Старший, с красной повязкой на кожанке, поднялся на второй этаж, заглянул в спальню. От алькова струился запах тончайших духов. Солдат сплюнул, сошел вниз, коротко бросил ожидавшим его товарищам: «Убежала, царская…» и прибавил крепкое словцо. Солдаты-броневики тут же собрали митинг и порешили: занять нижний этаж дворца царской фаворитки; вещи, картины и прочее сохранить, как принадлежащие народу.

В этом митинге участвовал один из большевистских агитаторов. Сразу же он помчался в дом номер 49 по тому же Кронверкскому проспекту, где в двух тесных комнатках на чердаке Биржи труда ютился только что вышедший из подполья Петроградский комитет.

Владимир Николаевич Залежский, профессиональный революционер, член Петроградского комитета большевиков, спустя шесть лет писал о тех днях:

«Энергичная работа Петроградского комитета в массах скоро начала давать свои плоды. ПК сделался центром всех рабочих кварталов и многих казарм.

В тесном помещении, им занимаемом, непрерывно толкались ходоки и делегаты. Сюда со всех концов Петербурга стекались пожертвования и оружие. Теснота была страшная. Хранить деньги и оружие было негде. Все это создавало положение прямо критическое».

Естественно, что сообщение агитатора о въезде броневого дивизиона во дворец Кшесинской мгновенно породило желание выяснить, нельзя ли и Петроградскому комитету большевиков перебраться туда.

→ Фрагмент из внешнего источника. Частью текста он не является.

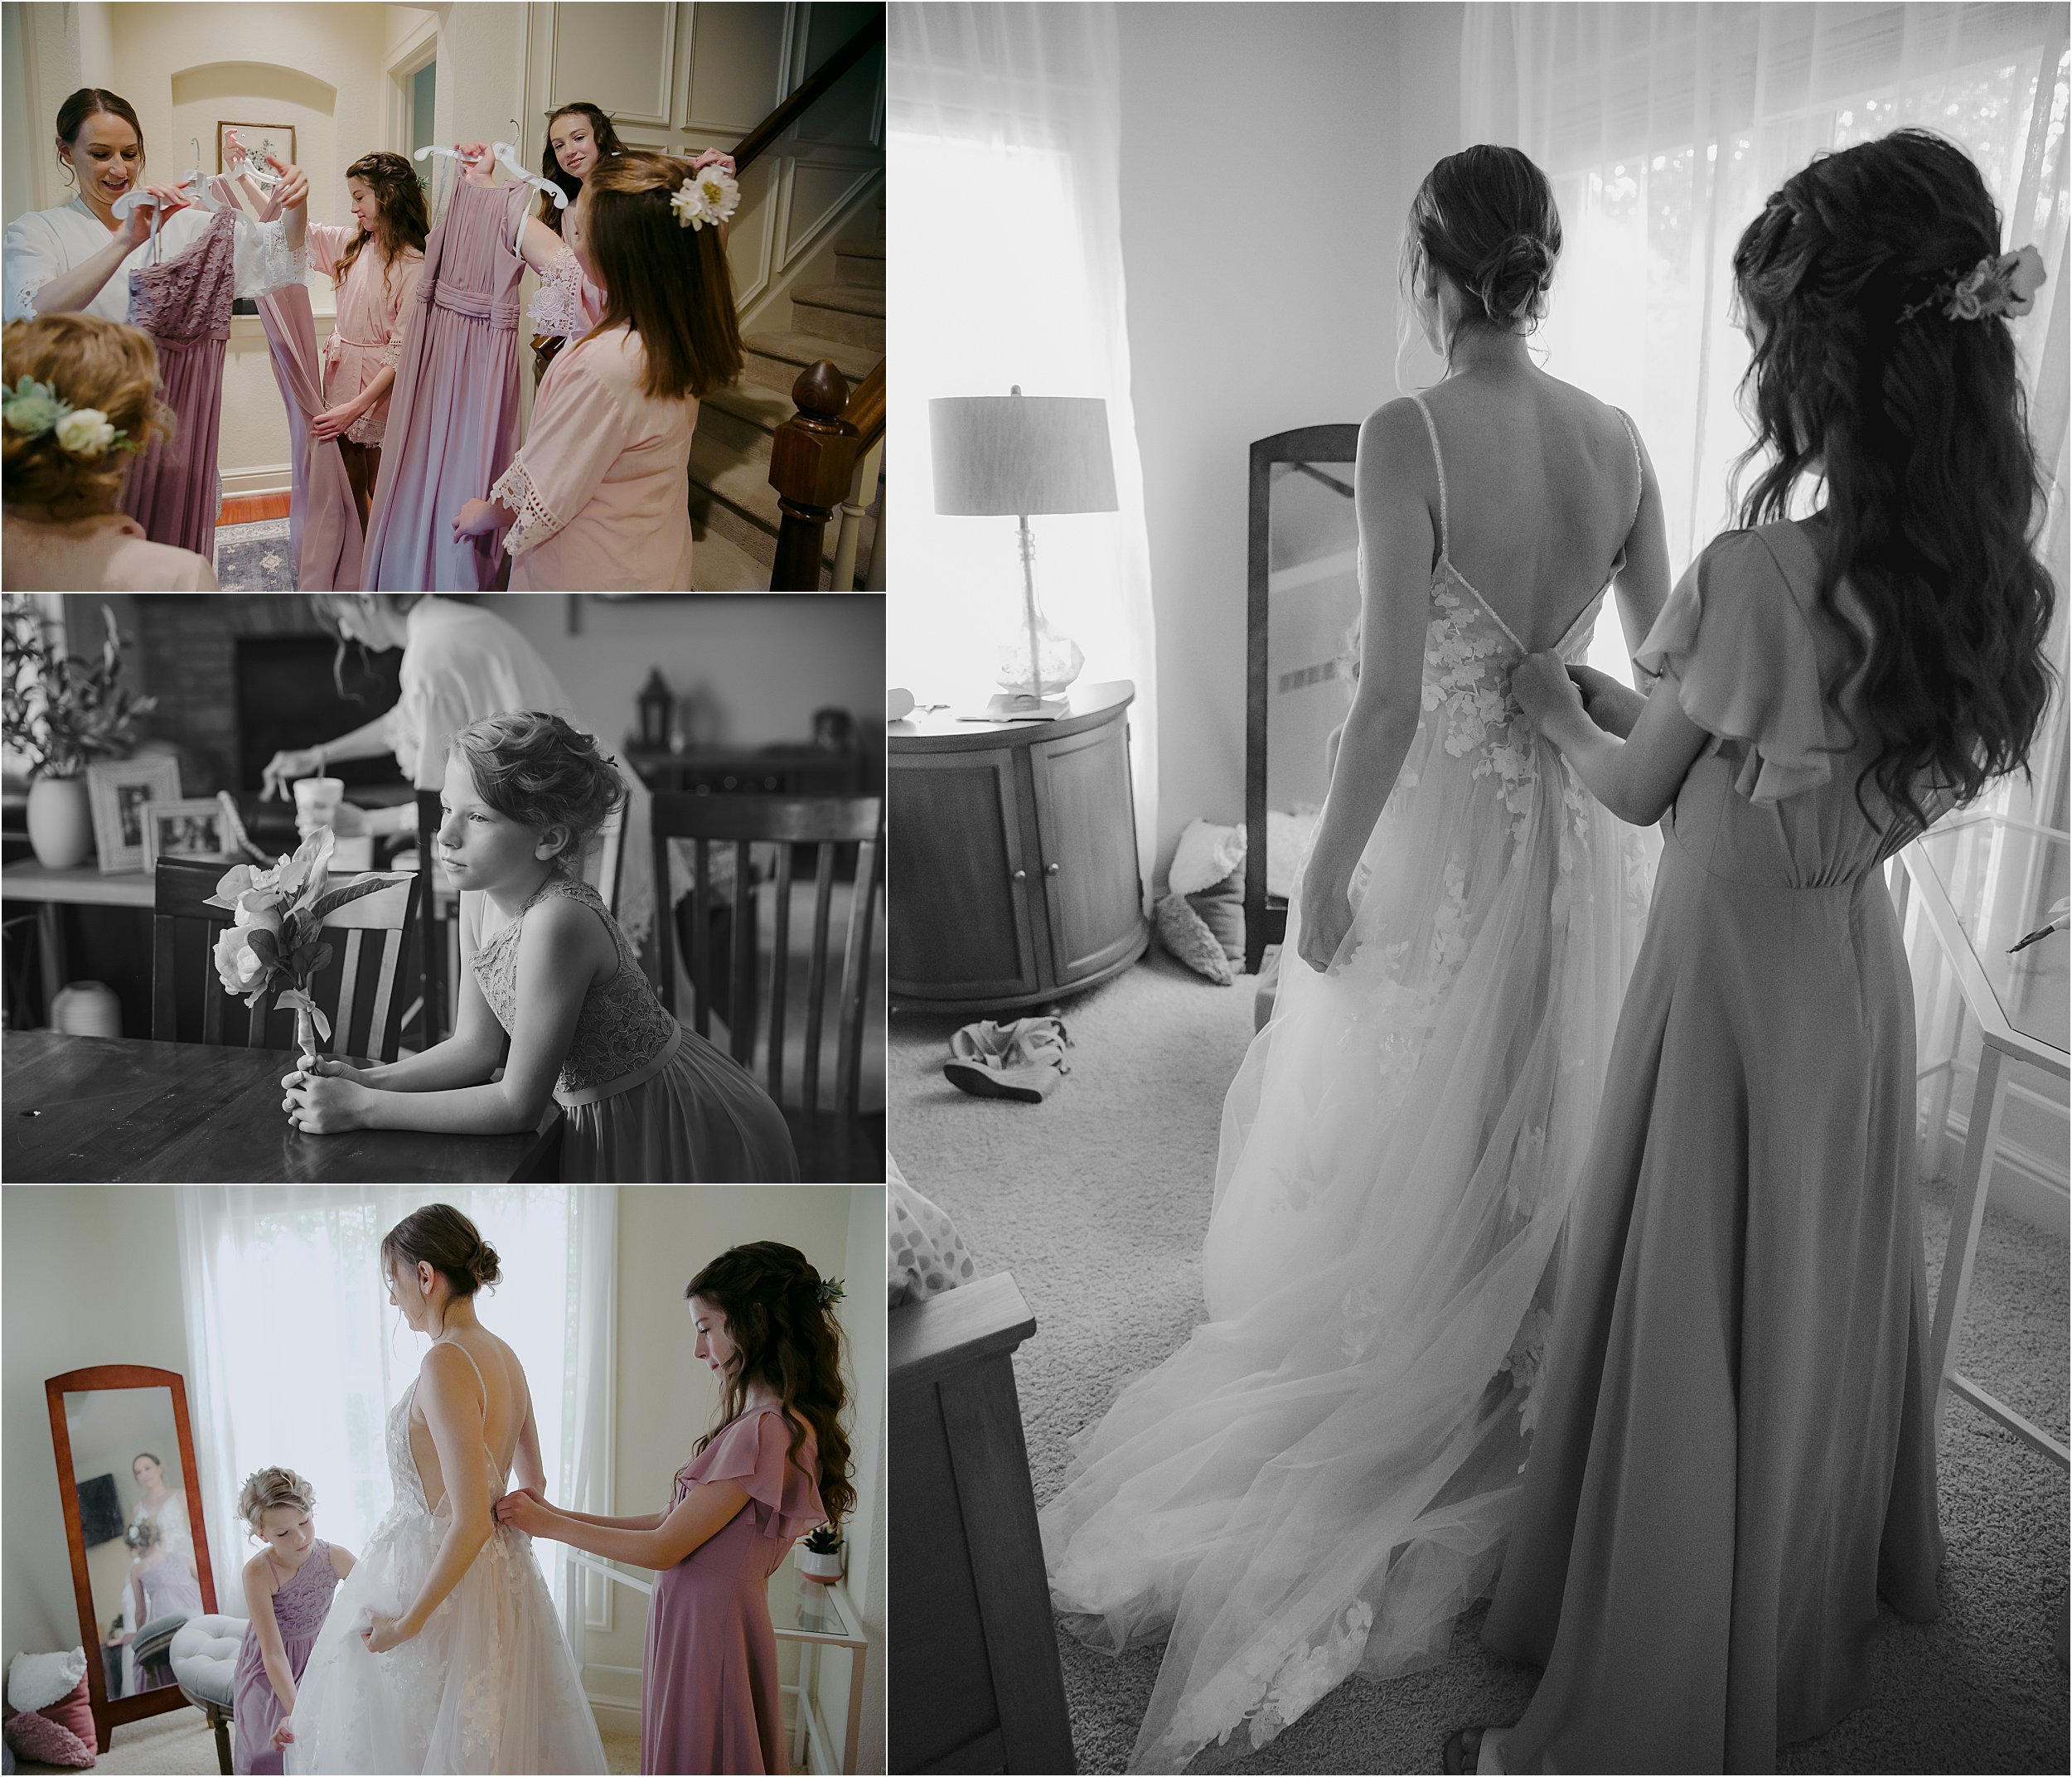 03-daughters-helping-mom-put-on-wedding-dress.JPG

О том, как развертывались события, Залежский свидетельствует: «У кого-то из нас явилась мысль попытаться договориться с дивизионом, чтобы тот уступил ПК часть помещения. Для ведения переговоров мы послали одного из наших активных работников офицеров, товарища Дашкевича, который через весьма короткое время вернулся со словами: «Сделано! Готово!..» В ту же ночь ПК переехал туда. Наше вселение во дворец Кшесинской и тесный союз с броневиками вызвали новый взрыв бешеной кампании против нас всей прессы, начиная от махрово-черносотенных органов до меньшевистской «Рабочей газеты», выставляя нас захватчиками и покусителями на «священные права частной собственности».

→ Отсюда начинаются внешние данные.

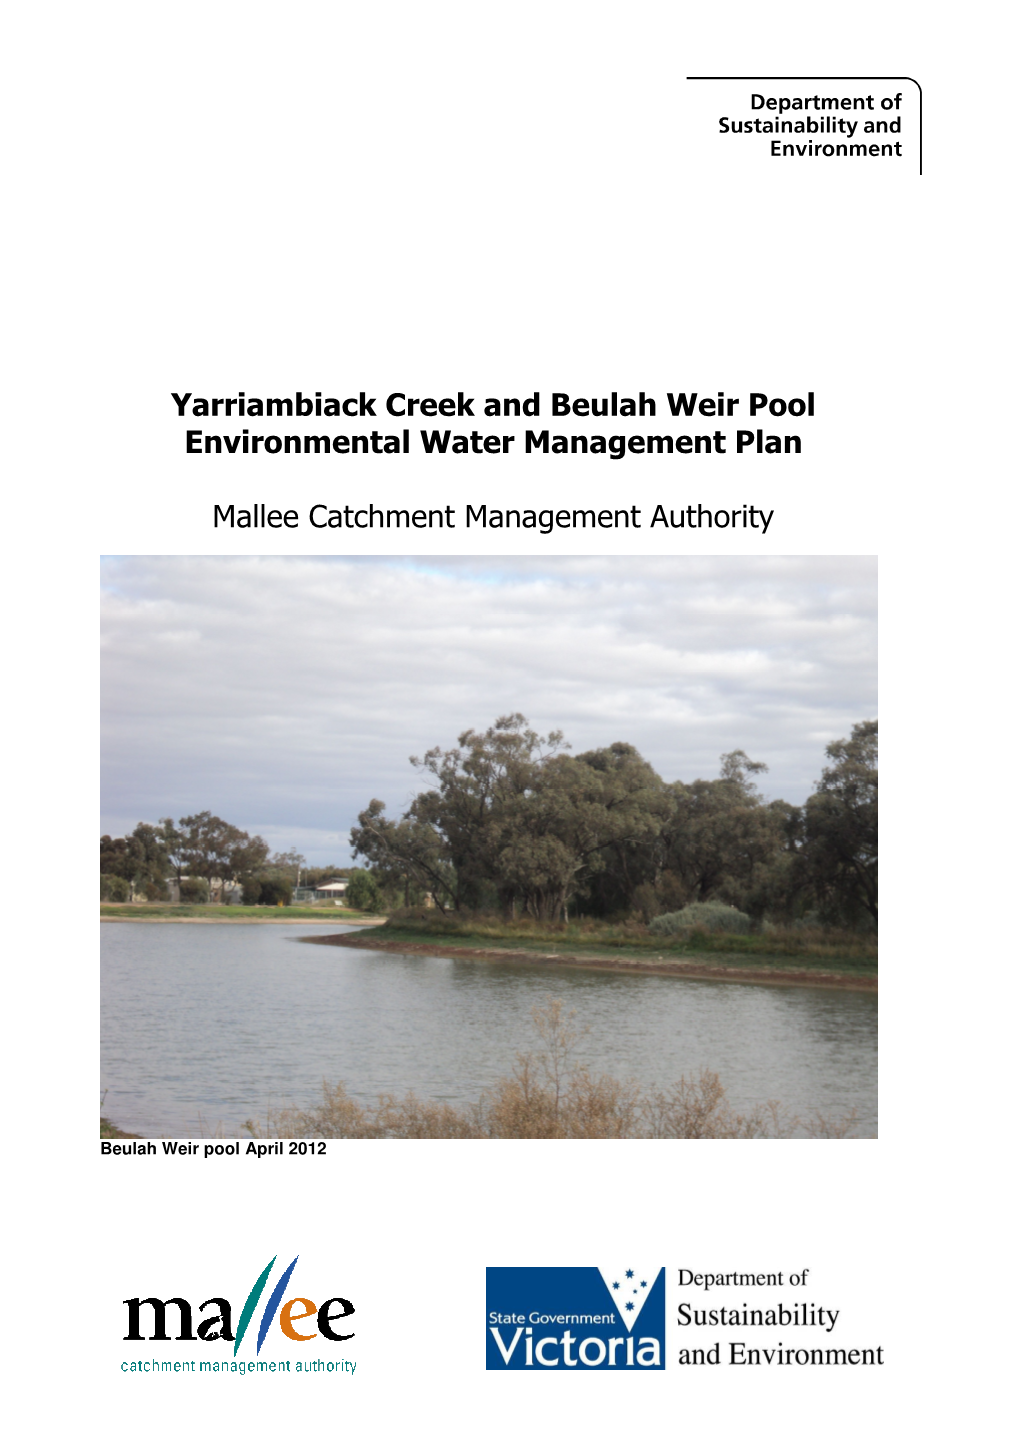 Yarriambiack Creek and Beulah Weir Pool Environmental Water Management Plan

Злобная кампания нарастала. 13 марта Исполнительная комиссия Петроградского комитета РСДРП(б) на расширенном заседании решила: «По вопросу о помещении для ПК: Оставаться в доме Кшесинской, предоставленном броневым дивизионом».

Буржуазное Временное правительство проявляло трогательную заботу о свергнутом царе и его семье.

В Царскосельском дворце шла размеренная жизнь.

Господа министры готовили отъезд «августейших особ» за границу, на первое время на какой-нибудь фешенебельный курорт Средиземноморья или в Англию. Большевики бдительно следили за этой возней.

Они хорошо знали историю, помнили об ошибках Парижской коммуны, не забывали и обращения Марата к восставшим парижанам с пламенным призывом не допустить эмиграции Людовика XVI, Марии-Антуанетты и наследника престола. «Скачите в Сен-Клу, если ещё не поздно, — призывал Друг народа, — возвратите короля и дофина… держите их крепко… заприте… чтобы они не могли больше конспирировать; задержите всех миллионеров и их прислужников!» — гремело над Францией в 1790 году.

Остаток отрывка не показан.